-- Opening Marker --
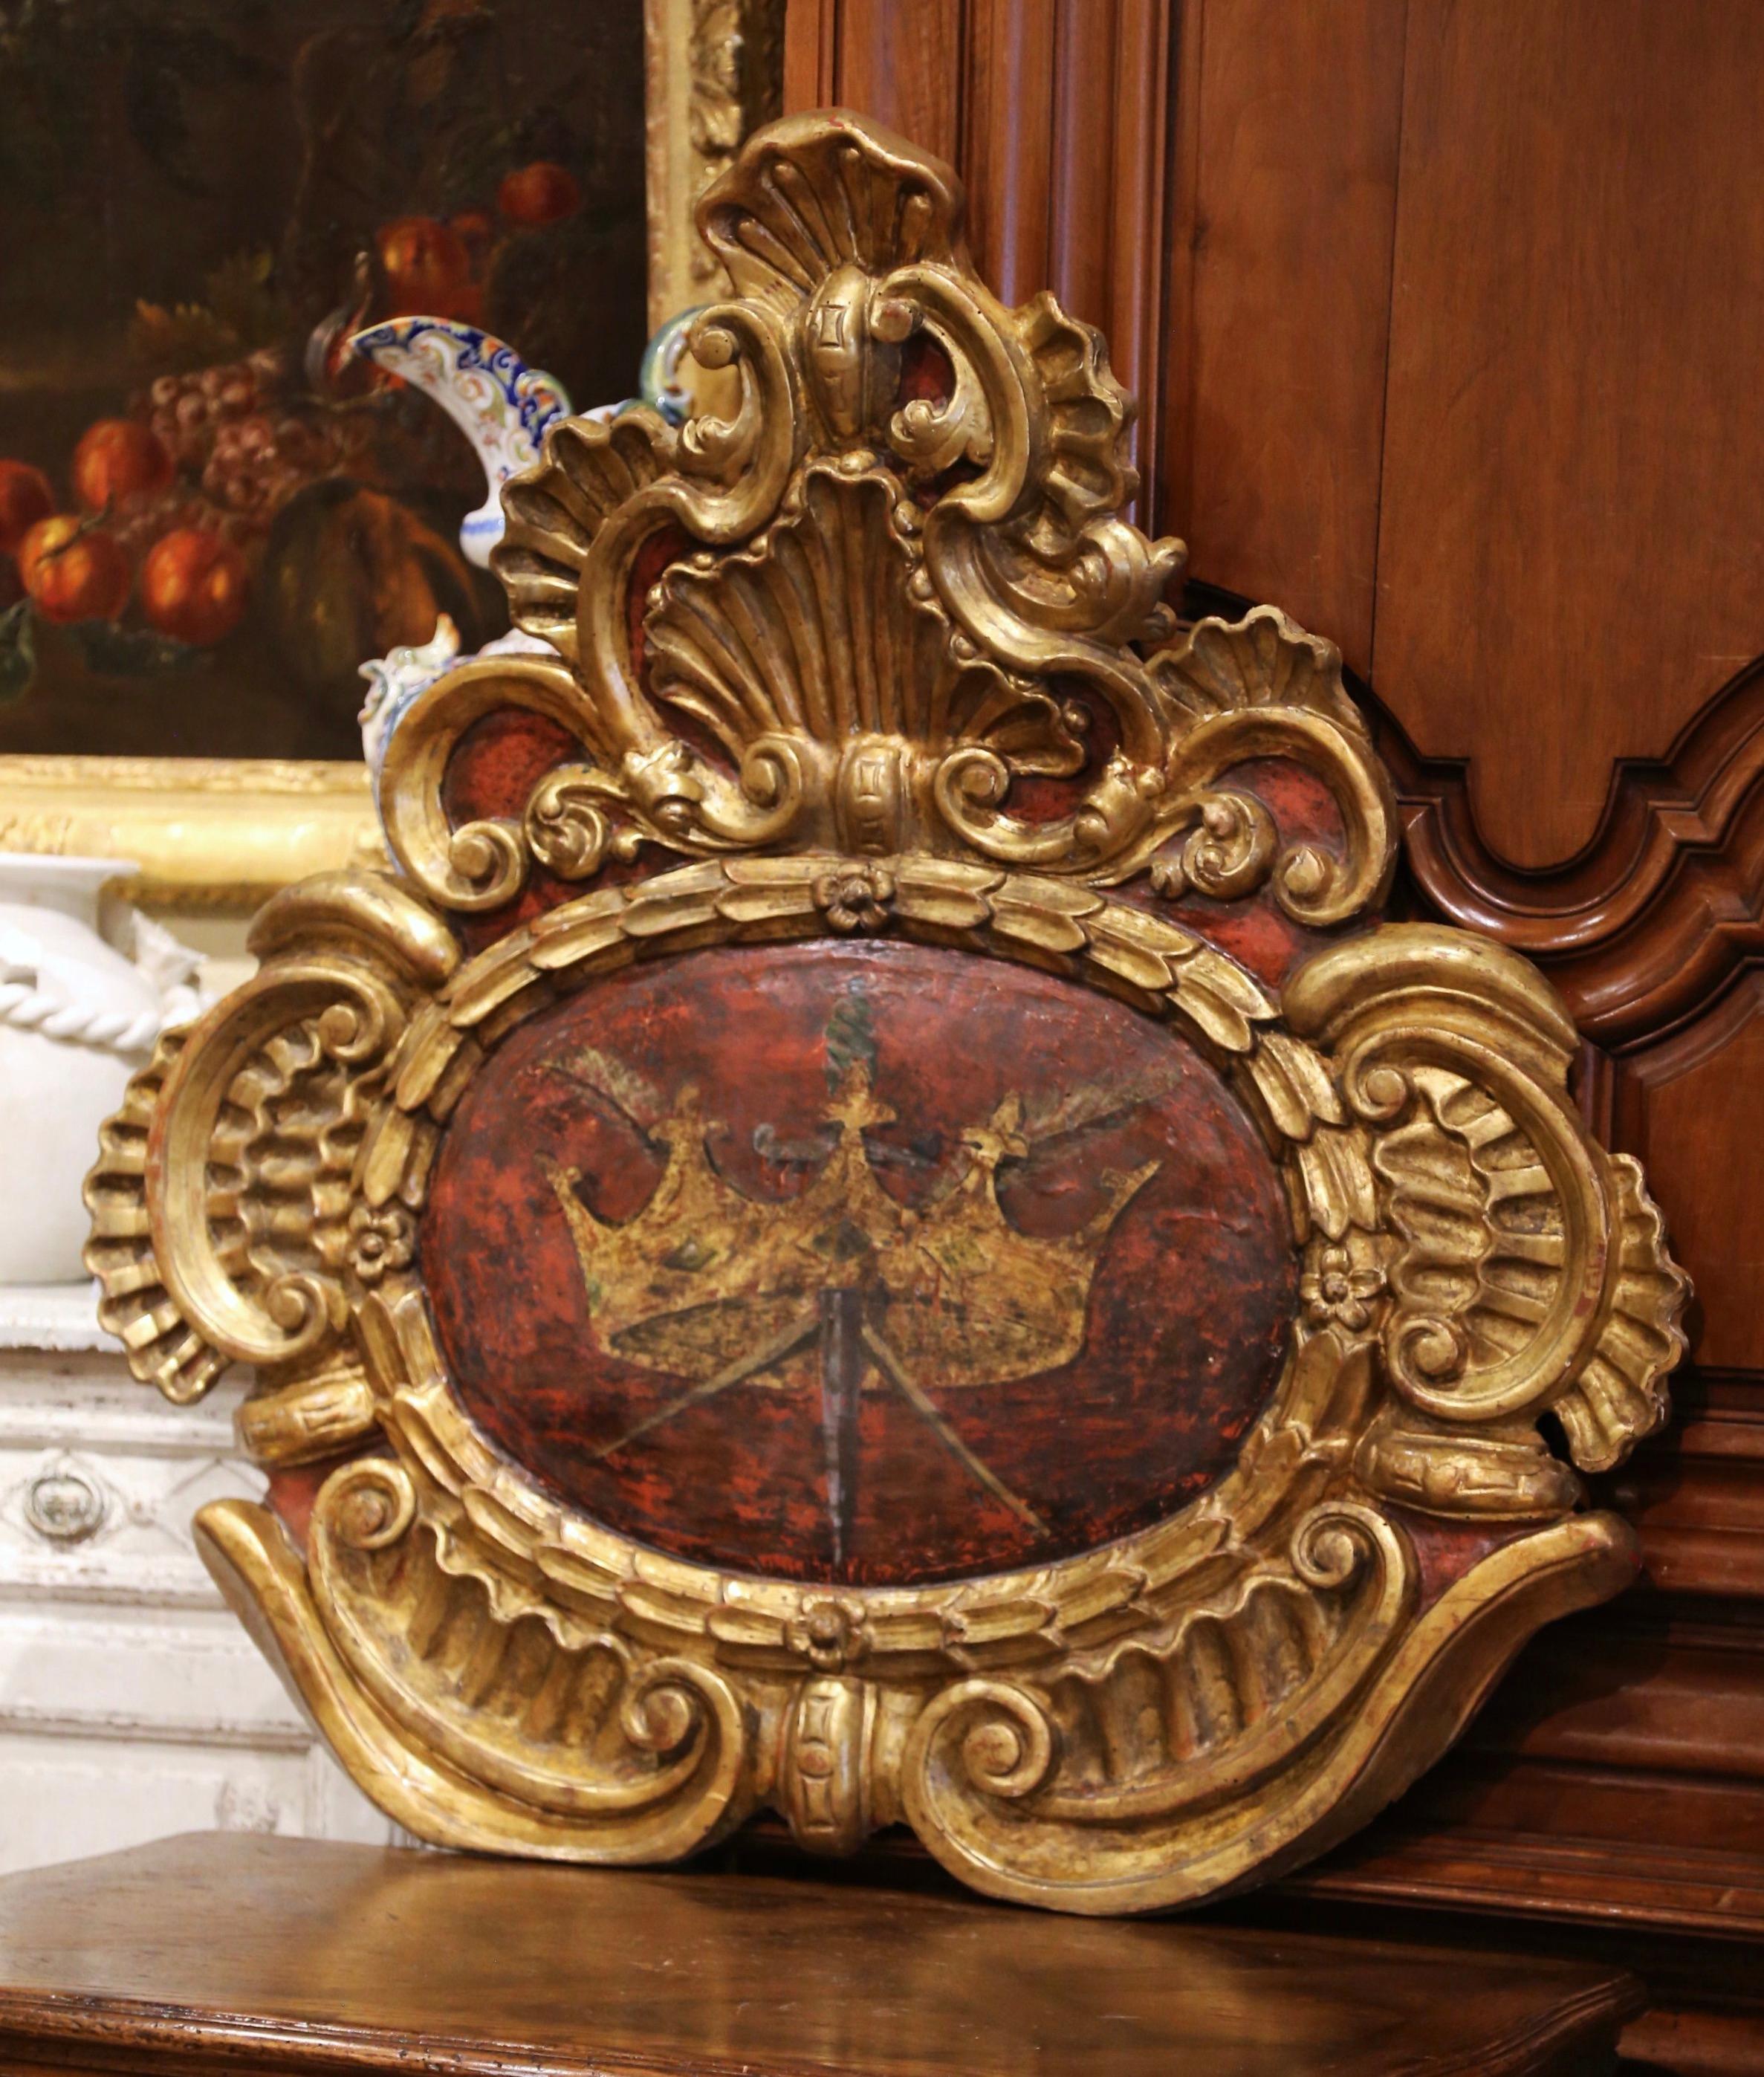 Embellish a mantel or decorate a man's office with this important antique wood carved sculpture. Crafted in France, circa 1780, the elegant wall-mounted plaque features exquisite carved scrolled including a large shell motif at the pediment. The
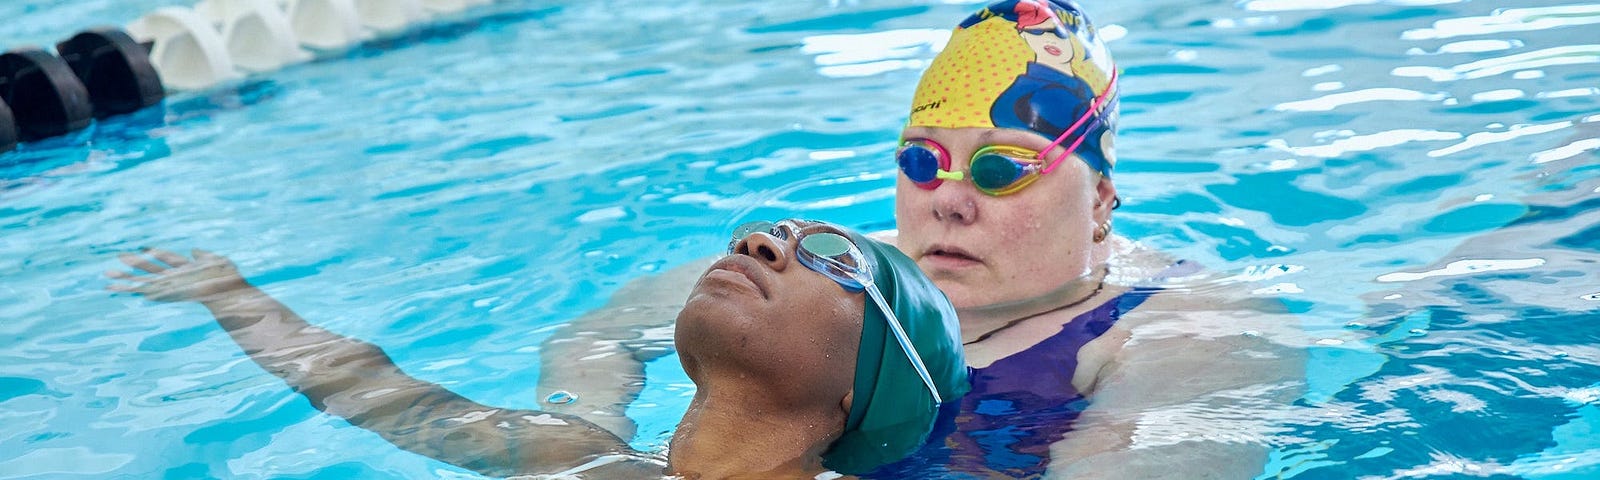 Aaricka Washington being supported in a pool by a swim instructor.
-- Closing Marker --
-- Opening Marker --
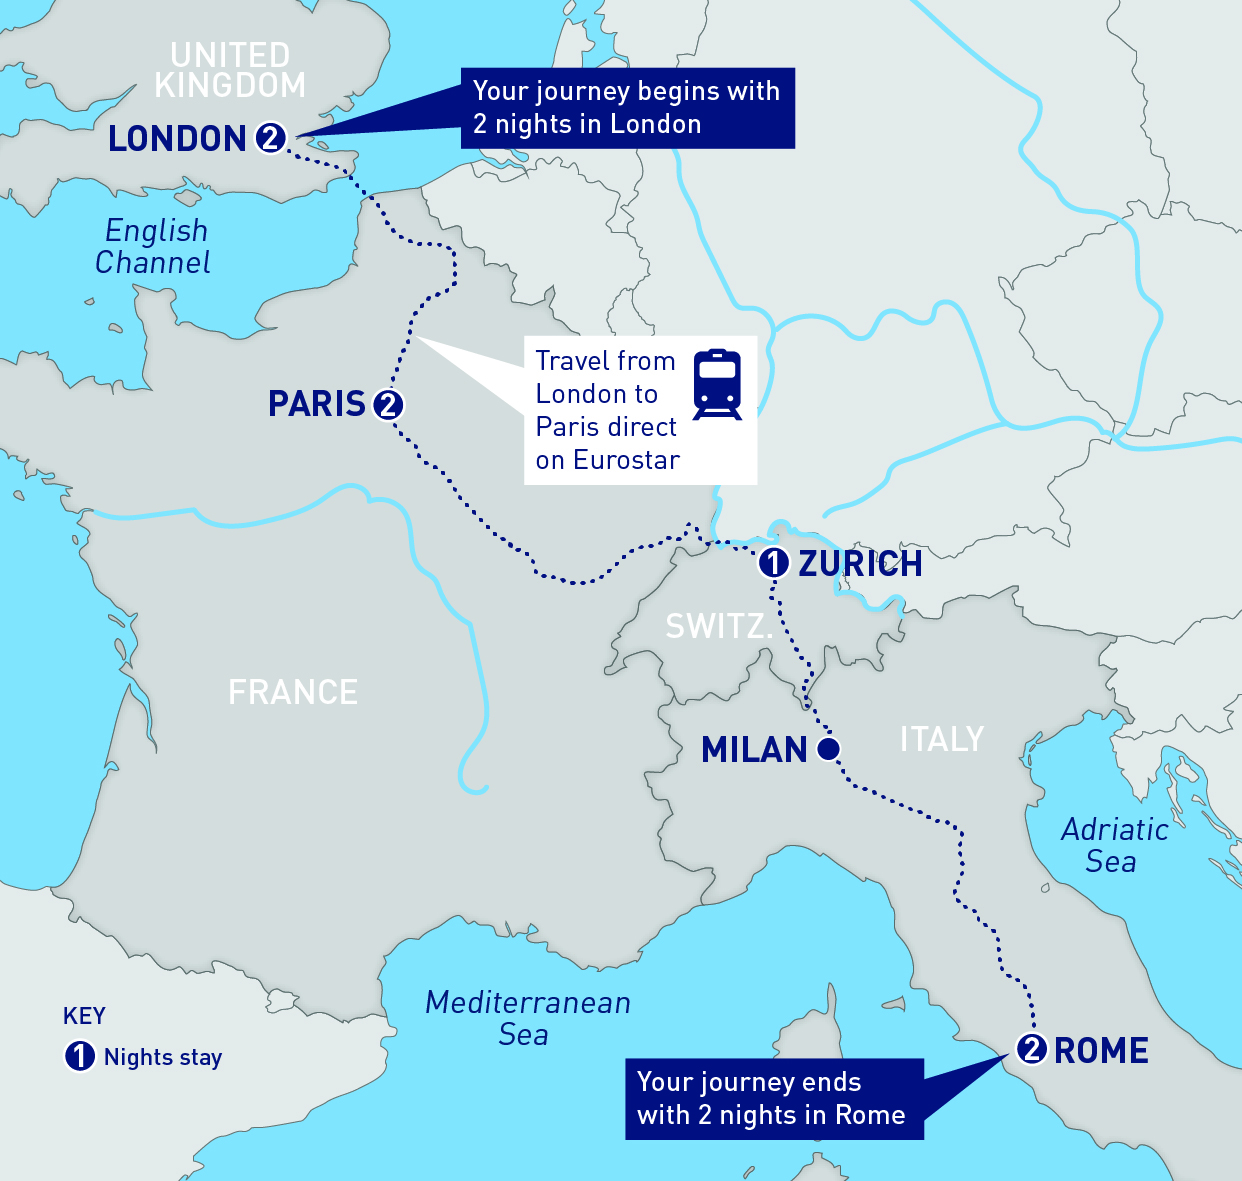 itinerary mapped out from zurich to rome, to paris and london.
-- Closing Marker --
[GOAL OF THE EXERCISE]
Using the data above, retype exactly and only the lines from the one containing "Embellish a mantel" up to and including the one containing "Aaricka Washington being", with no pictures carried over.

[OUTPUT OF THE TASK]
 Embellish a mantel or decorate a man's office with this important antique wood carved sculpture. Crafted in France, circa 1780, the elegant wall-mounted plaque features exquisite carved scrolled including a large shell motif at the pediment. The
 Aaricka Washington being supported in a pool by a swim instructor.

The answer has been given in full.